My biggest problem with making local friends is that they don't actually want to be friends at all, they just want to suck English out of you in return for maybe a home cooked meal or some such thing. For me, this is a fine arrangement, as long as both parties have agreed to it. I had no prior notice that I was going to be a classroom prop, and I was annoyed. You see how this is?

Anyway, I said nothing and just went with it, rolling my eyes on the inside. Sky did pay for my bus fare and put me up in her cousin's hotel for the night after all. The kids were cute and took me to the market, where I showed them the names of things they didn't know like broccoli, tofu, crabs, eels and sugar cane.

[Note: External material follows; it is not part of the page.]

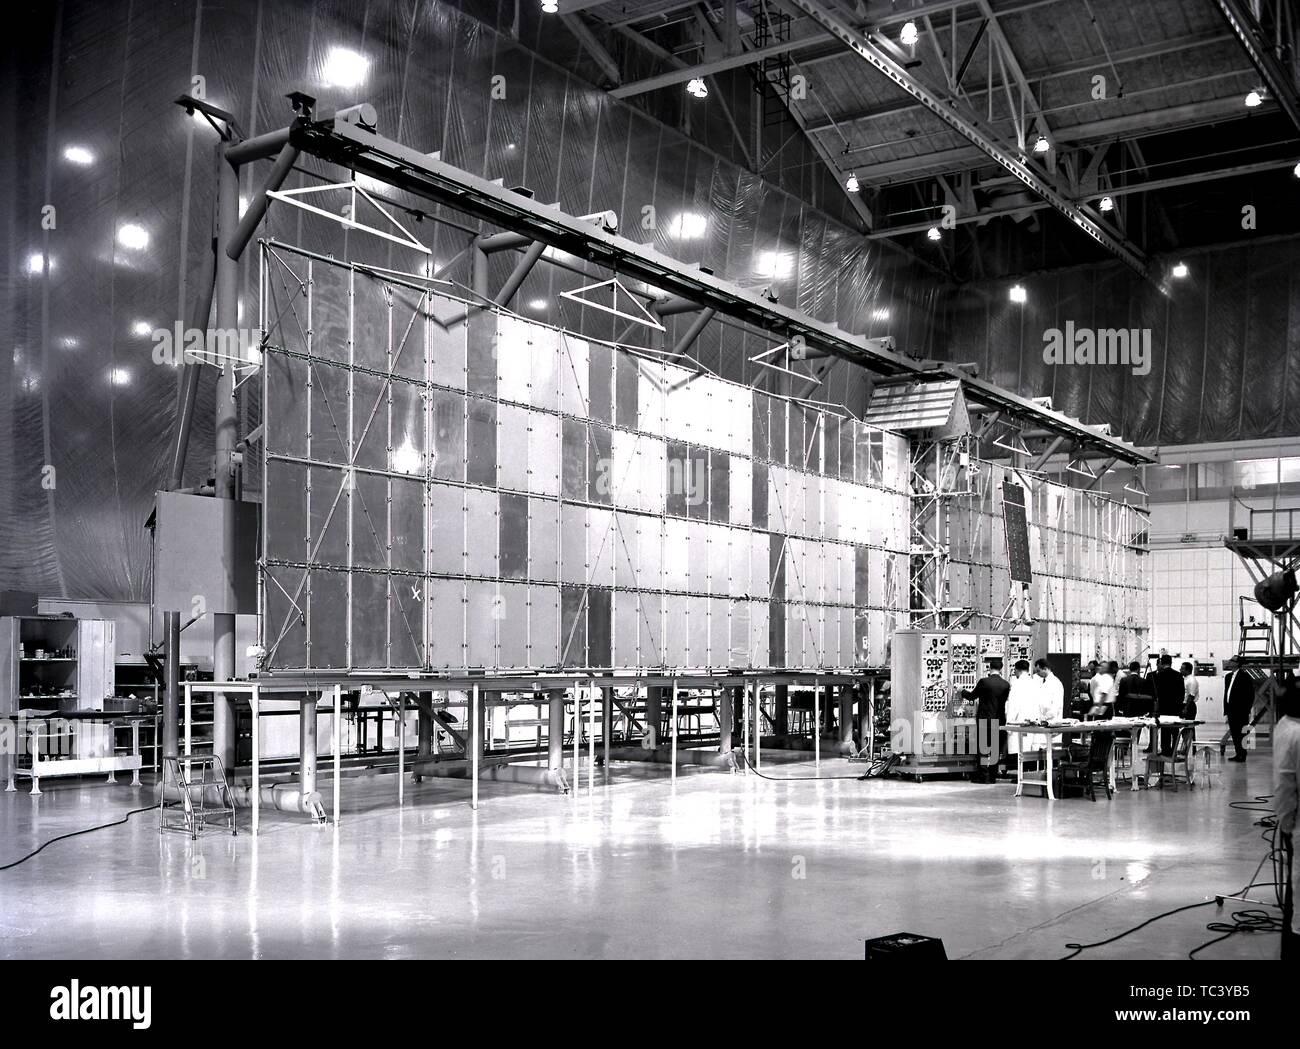 I tecnici della NASA ispezionare il Saturn I satellite 96-piede apertura alare prima del lancio, Marshall Space Flight Center di Huntsville, Alabama, febbraio 1965. Immagine cortesia Nazionale Aeronautica e Spaziale Administration (NASA). () Foto Stock

It was really extra strange (and this is where I caught on to her little scheme) when they said

"How come you're not buying anything? The last teacher bought so many clothes!"

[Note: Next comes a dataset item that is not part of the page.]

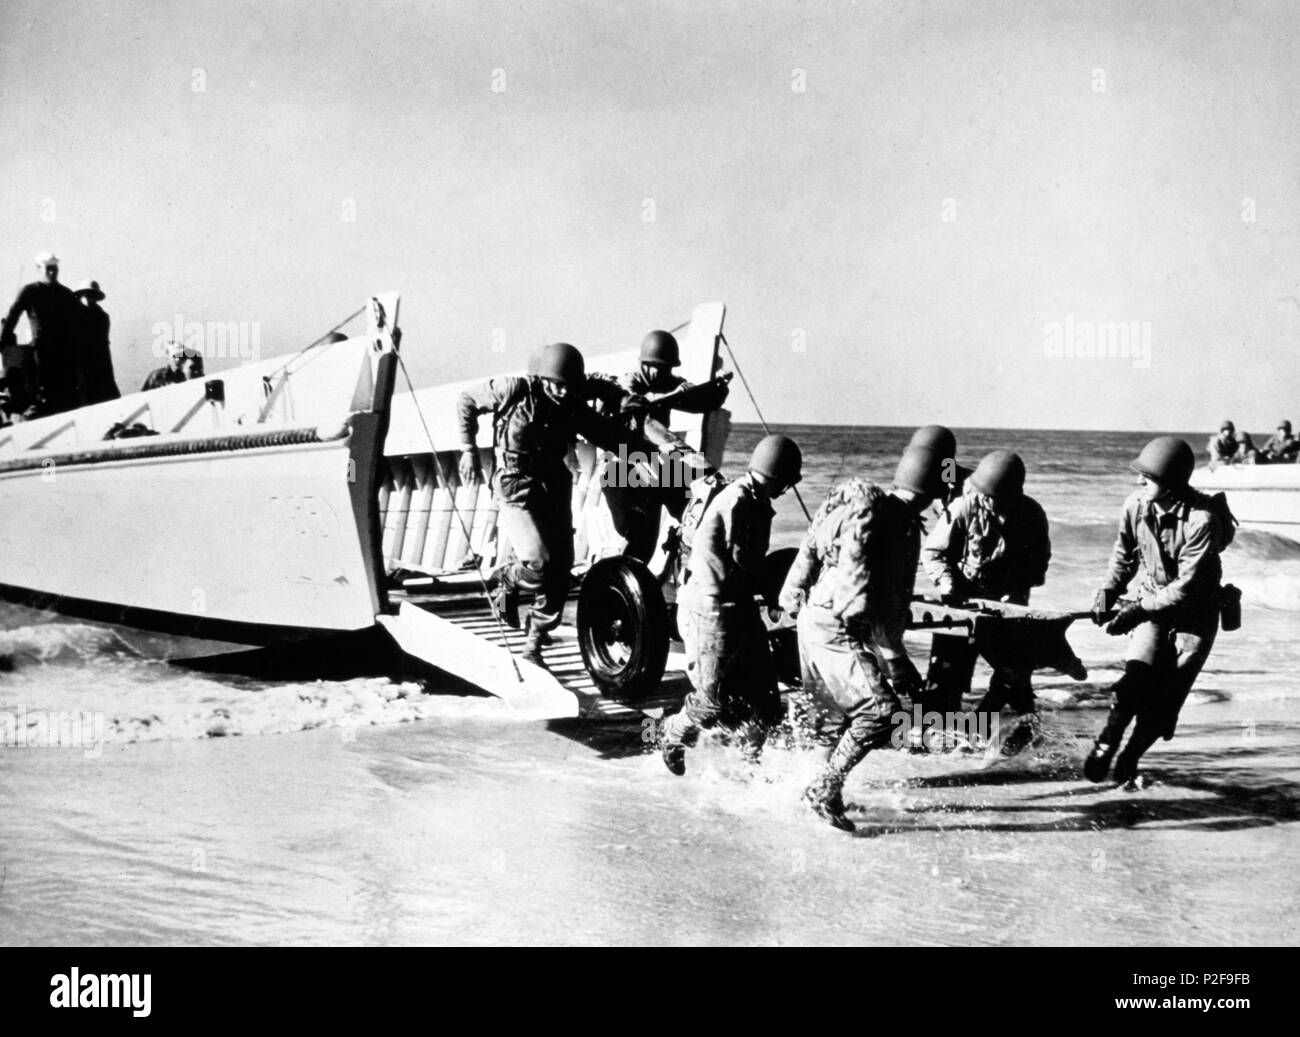 Im zweiten Weltkrieg. Wester Front: Normandie Invasion. Marines Landung in der Normandie Invasion 1945, 6. Juni 1944. Stockfoto

….Oh really… "Why? When was that?"…

"Last weekend."

Mmmhmmm.

I get it. Again, I say to you, I do not mind being a prop for your English school, just for the love of God, tell me I am and don't pretend you are doing me a huge favour. /end rant.

Once I figured out the actual plan, it was a good trade for me, but until then, I was irritated and cranky about it.

When we got back, Sky started asking me more grammar questions, so I told her I needed a nap and shower, getting myself out of tutor duty again.

After my nap, Sky and her husband cooked an amazing meal and some more kids came over to ask me more questions. Like I said, before, I am very open to these kinds of exchanges, but I was simply not mentally prepared this time. I thought this was going to be a quiet girls' weekend hiking in the mountains and drinking tea. No matter, onwards and upwards.

The kids took me down to the river where we had some crazy sweet lemonade and a big plate of fruit. At about 10, we all went to bed so we could go hiking in the morning.

Before I could sleep though, Sky's cousin had to register my arrival with the local police. I forgot my passport because I thought I was staying at Sky's house. They marched me over there arm in arm, telling me "no problem" over and over again. The police seemed to think these two women were a little silly about the whole thing, but maybe I'm just projecting.

As expected in the morning, roosters woke me up at 3 a.m. Of course they did!

Some children then barged into my room while I was still sleeping and undressed. Oh Lord, why didn't I lock the door?

We went out hiking for 15 minutes and then it started to rain, so we went back.

At breakfast, Sky gave me so many rice noodles with pork that I thought I might explode. Then, there was more fruit after that. Some students came back and took pictures of me.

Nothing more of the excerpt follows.